> _WHAT THIS TASK INVOLVES_
Copy out each line below verbatim, skipping any picture.

> _PROVIDED MATERIAL_
········

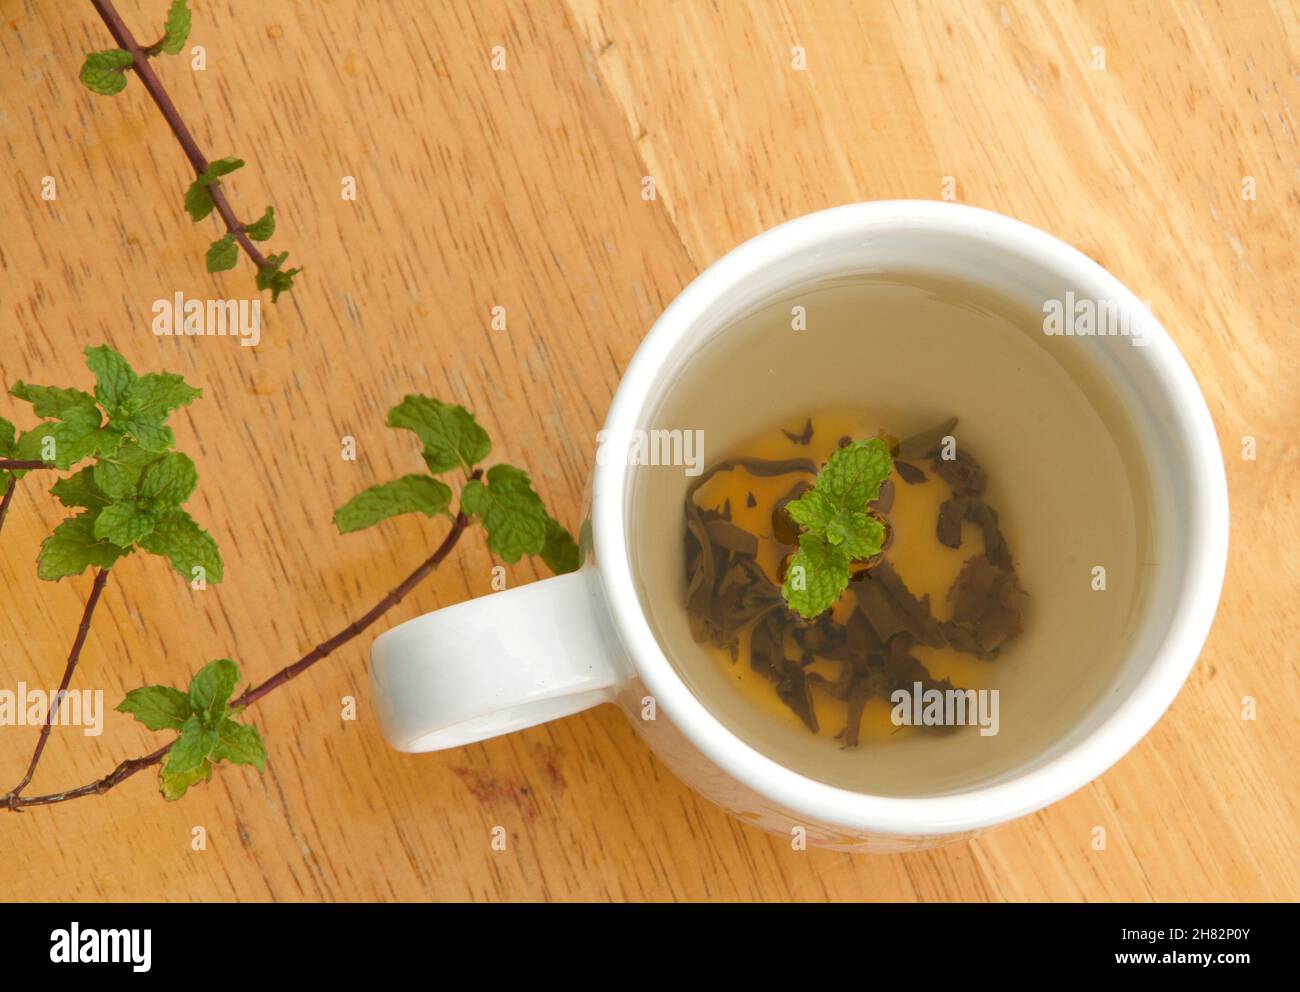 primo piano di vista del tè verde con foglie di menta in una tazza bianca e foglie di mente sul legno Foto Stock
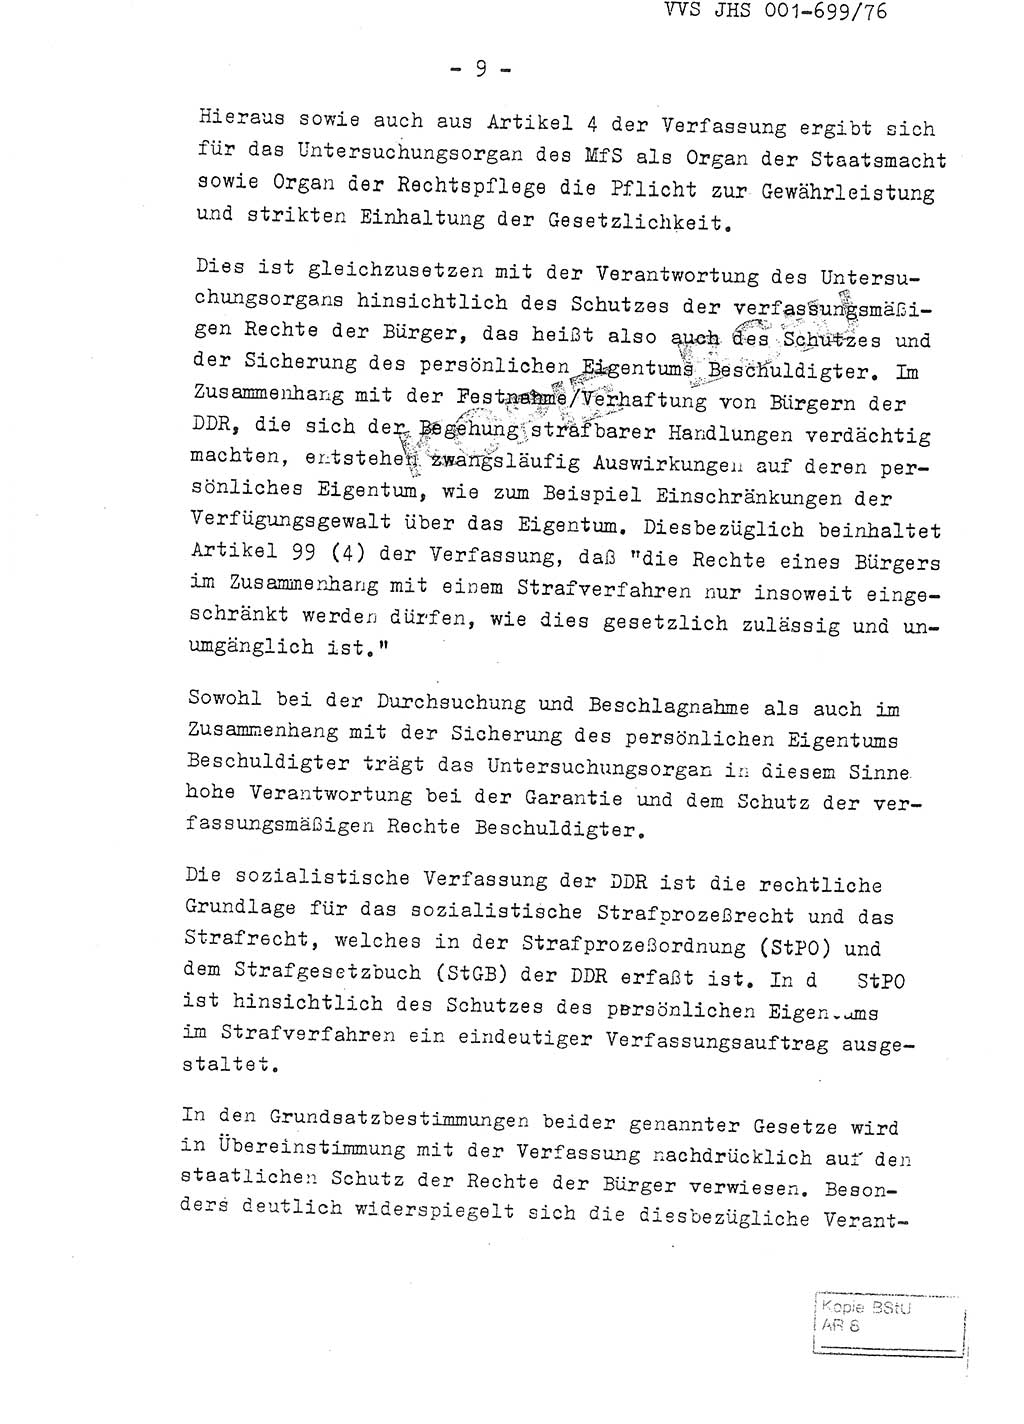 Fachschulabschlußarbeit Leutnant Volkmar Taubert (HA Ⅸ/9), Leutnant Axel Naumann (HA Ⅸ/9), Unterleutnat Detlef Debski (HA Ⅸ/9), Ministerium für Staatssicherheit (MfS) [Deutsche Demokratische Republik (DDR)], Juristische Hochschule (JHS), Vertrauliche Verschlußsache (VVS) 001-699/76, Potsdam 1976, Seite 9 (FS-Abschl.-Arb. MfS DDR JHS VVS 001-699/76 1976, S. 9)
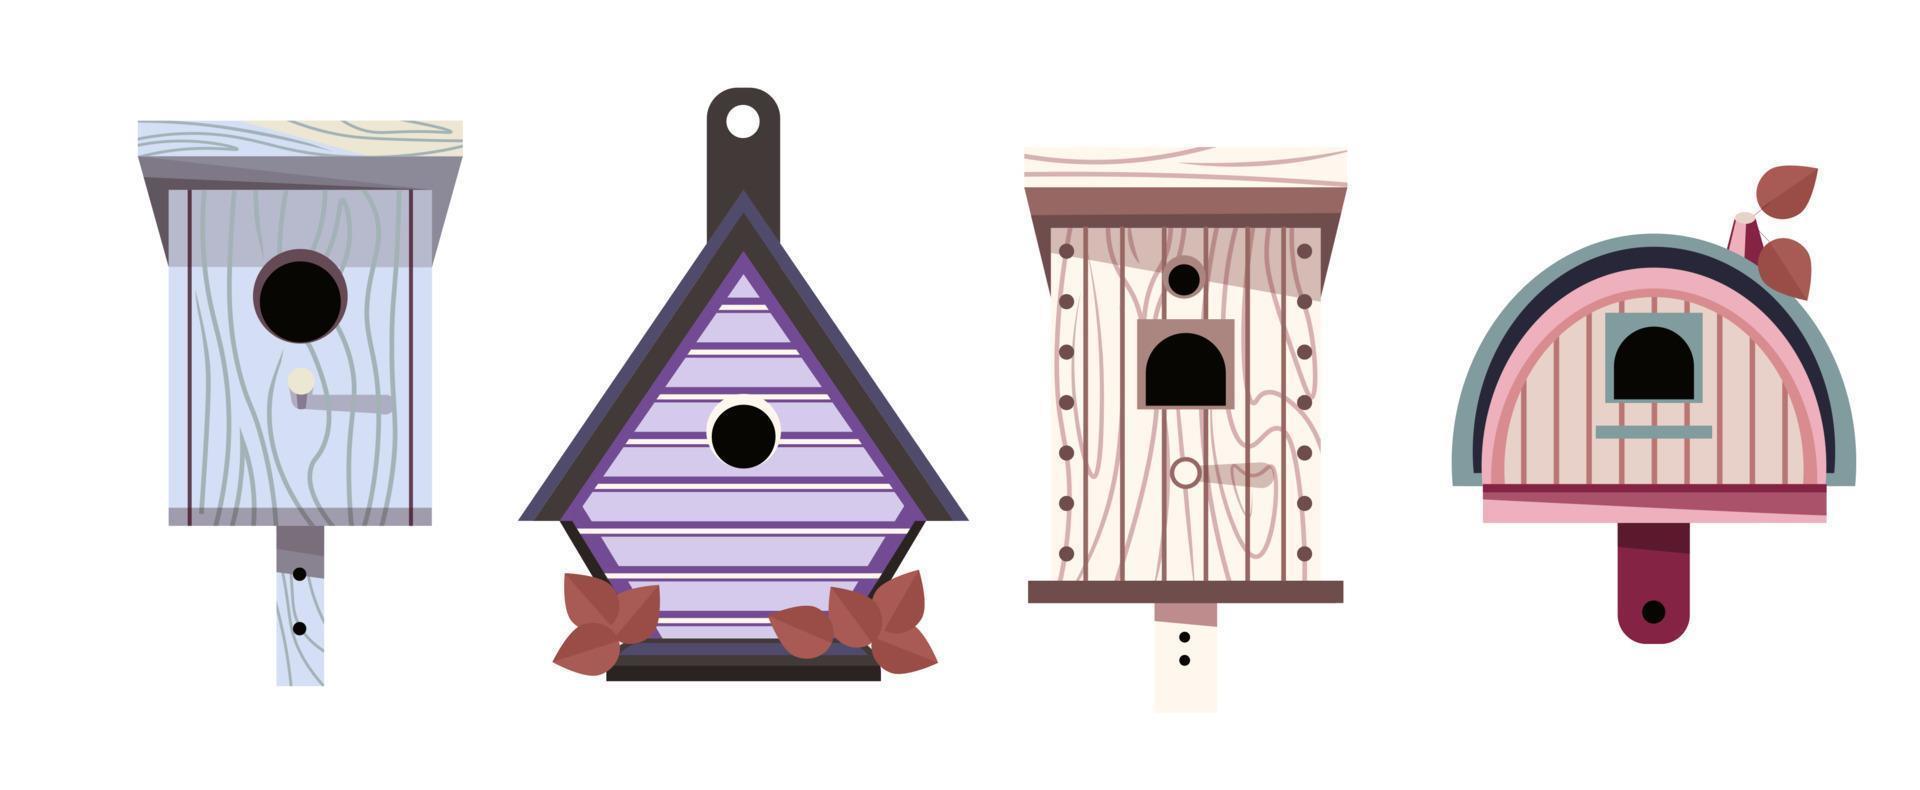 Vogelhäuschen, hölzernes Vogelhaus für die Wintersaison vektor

········

> _ANSWER TO THE PROBLEM_
 primo piano di vista del tè verde con foglie di menta in una tazza bianca e foglie di mente sul legno Foto Stock
 Fachschulabschlußarbeit Leutnant Volkmar Taubert (HA Ⅸ/9), Leutnant Axel Naumann (HA Ⅸ/9), Unterleutnat Detlef Debski (HA Ⅸ/9), Ministerium für Staatssicherheit (MfS) [Deutsche Demokratische Republik (DDR)], Juristische Hochschule (JHS), Vertrauliche Verschlußsache (VVS) 001-699/76, Potsdam 1976, Seite 9 (FS-Abschl.-Arb. MfS DDR JHS VVS 001-699/76 1976, S. 9)
 Vogelhäuschen, hölzernes Vogelhaus für die Wintersaison vektor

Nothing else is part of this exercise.